Workers consume tasks:
  BRPOP job:queue
  → "process_video:123" (removed from queue)

Expiration (TTL)

Auto-Cleanup

SET cache:weather "sunny"
EXPIRE cache:weather <seconds>

After the TTL expires: the key disappears automatically!

Or combine:
SETEX cache:weather <seconds> "sunny"

Why TTL Matters

Cache fresh data:
  Set TTL to refresh interval

Session timeout:
  Expire inactive sessions

Rate limits:
  Auto-reset counters

Persistence Options

Redis CAN Persist Data

Option 1: RDB (Snapshots)
  Dump memory to disk periodically
  Fast recovery, possible data loss

Option 2: AOF (Append Only File)
  Log every write operation
  Slower, minimal data loss

Option 3: Both
  Best durability, higher disk usage

When to Enable Persistence

Pure cache: No persistence needed
  (Can rebuild from source database)

Session store: AOF recommended
  (Don't want users to re-login)

Primary database: Both RDB + AOF
  (Need durability guarantees)

Redis Clustering

Scaling Beyond One Server

Single Redis: Limited by one machine's RAM

Redis Cluster: Data spread across multiple nodes

Key → Hash → Node
  user:123 → Node 1
  user:456 → Node 2
  user:789 → Node 3

Replication

Master: Handles writes
Replicas: Handle reads, take over if master fails

Master → Write
  ↓ Sync
Replica 1 → Read
Replica 2 → Read

Redis vs Other Solutions

FeatureRedisMemcachedDatabase
Speed⚡ Ultra-fast⚡ Ultra-fastSlow
Data structuresRichOnly stringsRich
PersistenceOptionalNoYes
Pub/SubYesNoLimited
ClusteringYesYesVaries

When to Use Redis

✓ Need sub-millisecond latency
✓ Caching database results
✓ Session management
✓ Real-time features
✓ Leaderboards, counters, rate limits

When NOT to Use Redis

✗ Primary data store (usually)
✗ Large data that won't fit in RAM
✗ Complex queries (use SQL database)
✗ Strong consistency requirements

Common Patterns

Cache-Aside

1. Check Redis for data
2. If not found, query database
3. Store result in Redis
4. Return data

Most common pattern!

Write-Through

1. Write to Redis AND database together
2. Read from Redis

Helps keep cache current.

Write-Behind

1. Write to Redis immediately
2. Async write to database later

Faster writes, eventual consistency.

Common Mistakes

1. Using Redis as Primary Database

Redis is cache-first. Have a persistent database as source of truth.

2. Not Setting TTLs

Memory fills up! Expire cached data appropriately.

3. Storing Too Much Data

If data doesn't fit in RAM, Redis slows dramatically. Cache selectively.
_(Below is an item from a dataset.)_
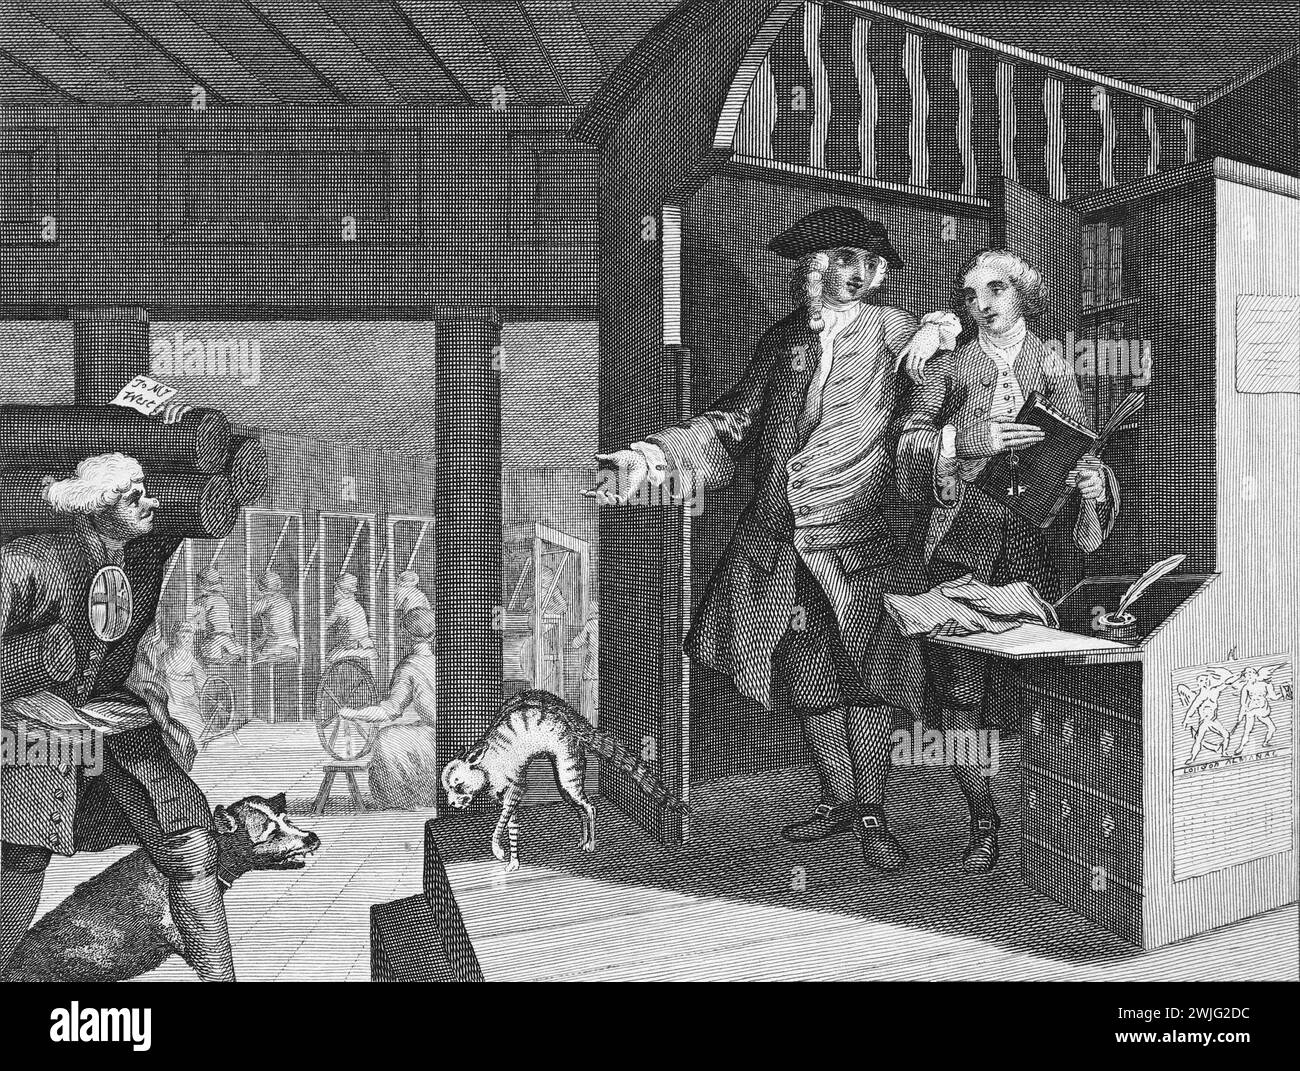 Illustration en noir et blanc : 'L'industrieux 'Prentice Un favori, et confié par son Maître'. Gravure d'après William Hogarth (1697 - 1764) de sa série, "industrie et farniente". Les premières séries d'œuvres peintes de Hogarth, 'The Harlot's Progress' et 'Marriage à-la-mode' qui ont ensuite été publiées en tant que gravures, 'Industry and Fidleness' a été gravée dès le début. L'objectif de Hogarth dans cette série était d'illustrer les récompenses possibles pour travailler dur, et les pièges de ne pas le faire, un message principalement destiné aux enfants qui travaillent. Cette reproduction a été réalisée par Thomas Cook ; 1806. Banque D'Images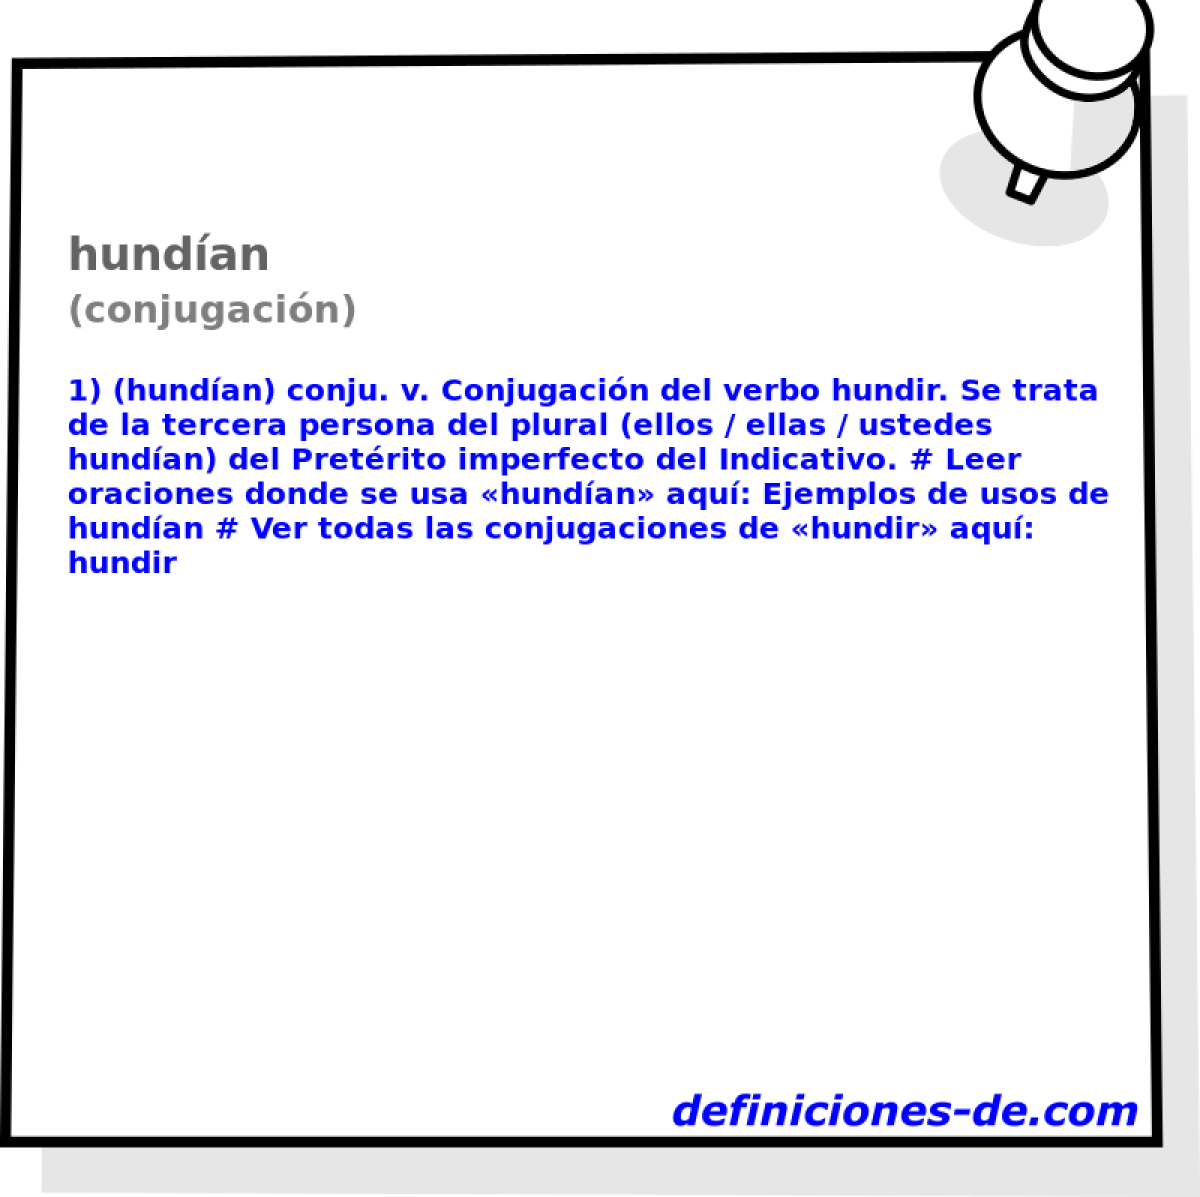 hundan (conjugacin)

4. Ignoring Persistence for Important Data

Sessions, rate limits - these should persist through restarts.


FAQ

Q: Is Redis a database?

It's often called a "data structure store." It CAN be used as a database with persistence, but it's primarily used as a cache.

Q: What happens if Redis crashes?

Without persistence: all data lost. With persistence: recovers from last snapshot/log.

Q: How much data can Redis handle?

Limited by RAM. A single instance can handle millions of keys easily if they fit in memory.

Q: Redis vs Memcached?

Redis: more features (data structures, persistence, pub/sub). Memcached: simpler, slightly faster for pure string caching.


Summary

Redis is an in-memory data store that provides lightning-fast access to frequently needed data.

Key Takeaways:

  • In-memory = 100-200x faster than disk
  • Rich data structures: strings, lists, sets, sorted sets, hashes
  • TTL for automatic expiration
  • Common uses: caching, sessions, rate limiting, leaderboards
  • Persistence optional (RDB/AOF)
  • Not a replacement for your database - works alongside it

Redis is the sticky notes on your desk - instant access to what you need most!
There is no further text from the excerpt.